> [ACTIVITY]: Every line of the listing below should be written out exactly, minus its images.

> [SUPPLIED INFORMATION]:
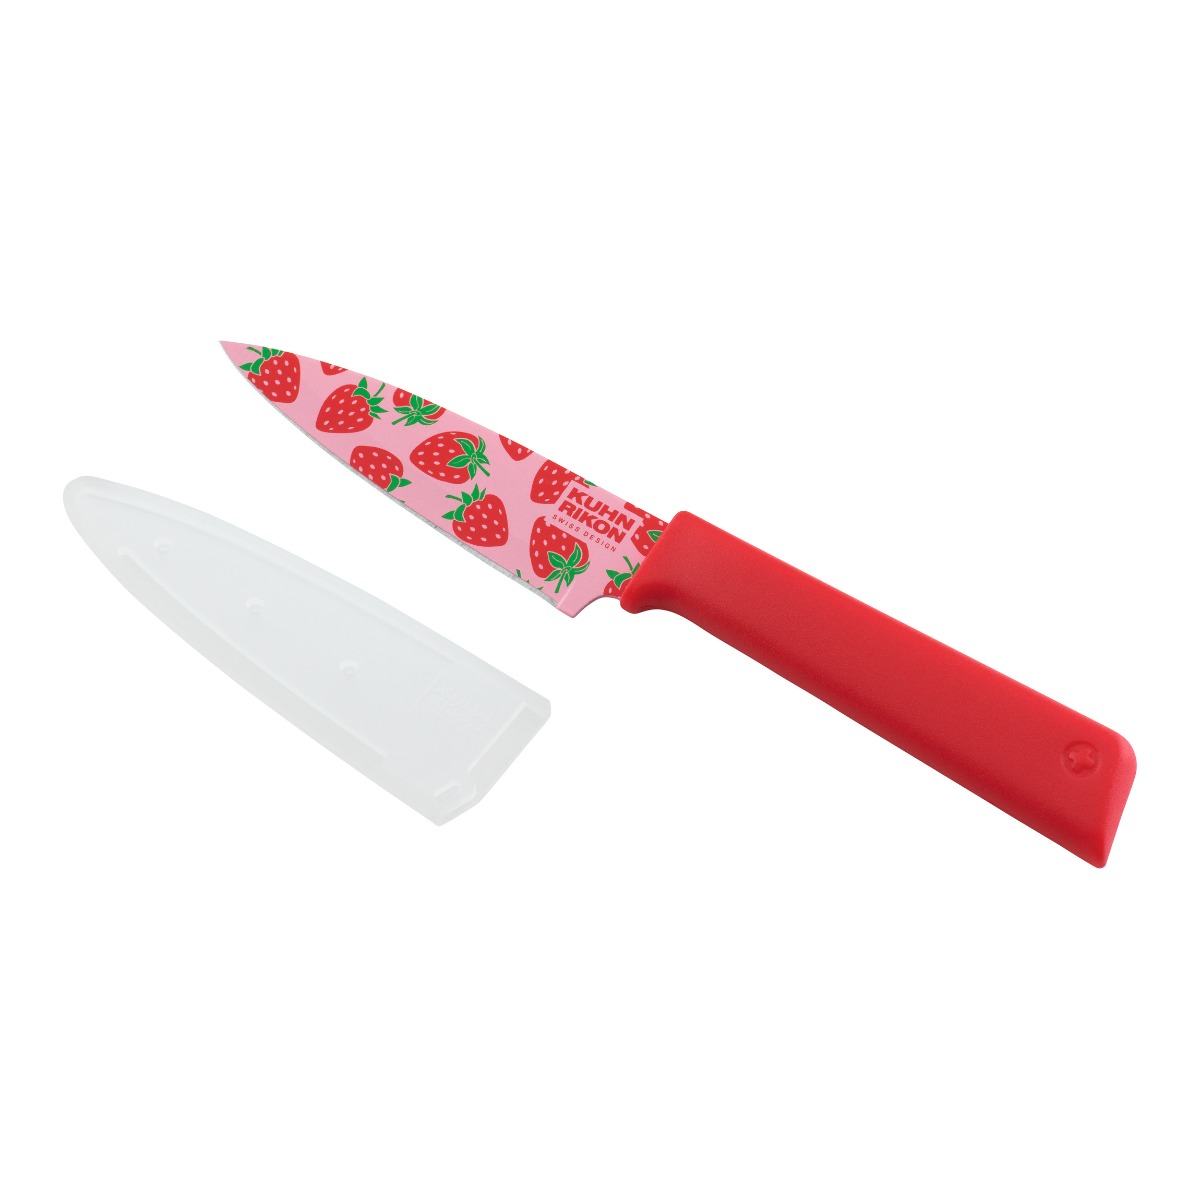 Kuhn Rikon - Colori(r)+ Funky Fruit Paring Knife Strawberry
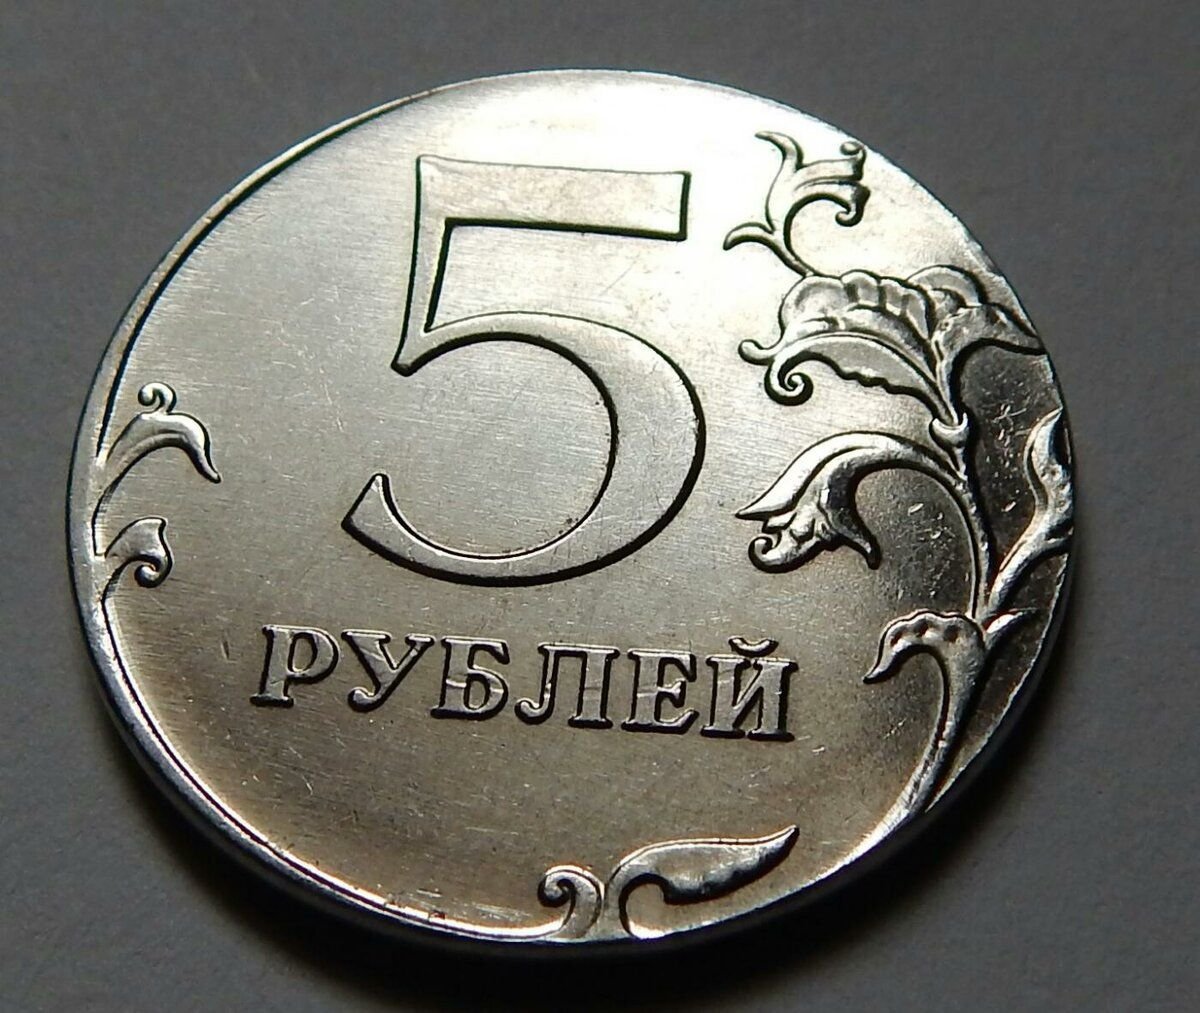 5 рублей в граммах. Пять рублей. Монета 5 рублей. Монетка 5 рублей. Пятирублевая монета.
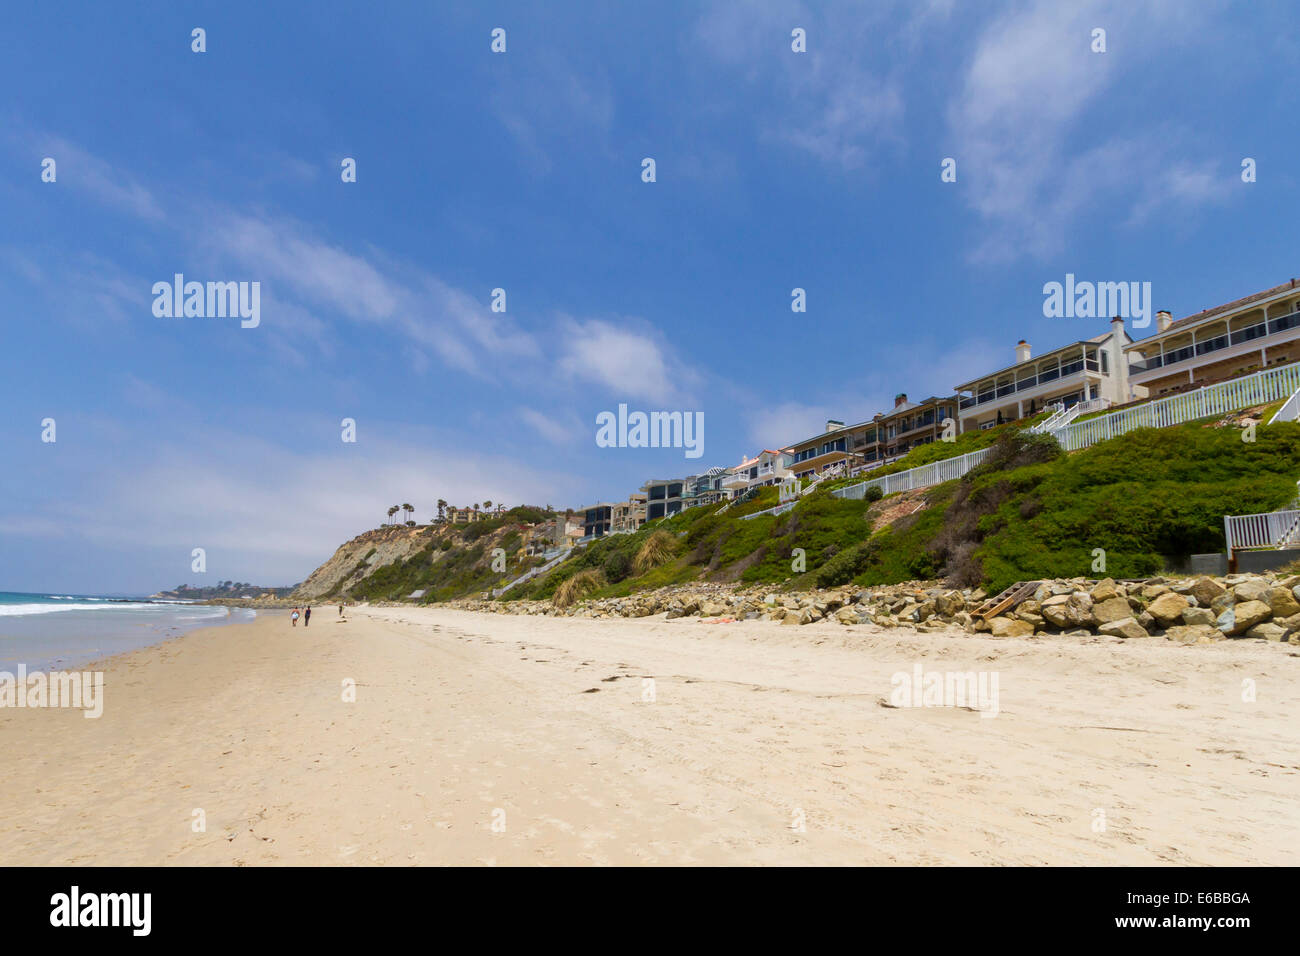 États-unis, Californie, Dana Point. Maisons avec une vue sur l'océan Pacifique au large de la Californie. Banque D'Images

> [WRITTEN RESPONSE]:
 Kuhn Rikon - Colori(r)+ Funky Fruit Paring Knife Strawberry
 5 рублей в граммах. Пять рублей. Монета 5 рублей. Монетка 5 рублей. Пятирублевая монета.
 États-unis, Californie, Dana Point. Maisons avec une vue sur l'océan Pacifique au large de la Californie. Banque D'Images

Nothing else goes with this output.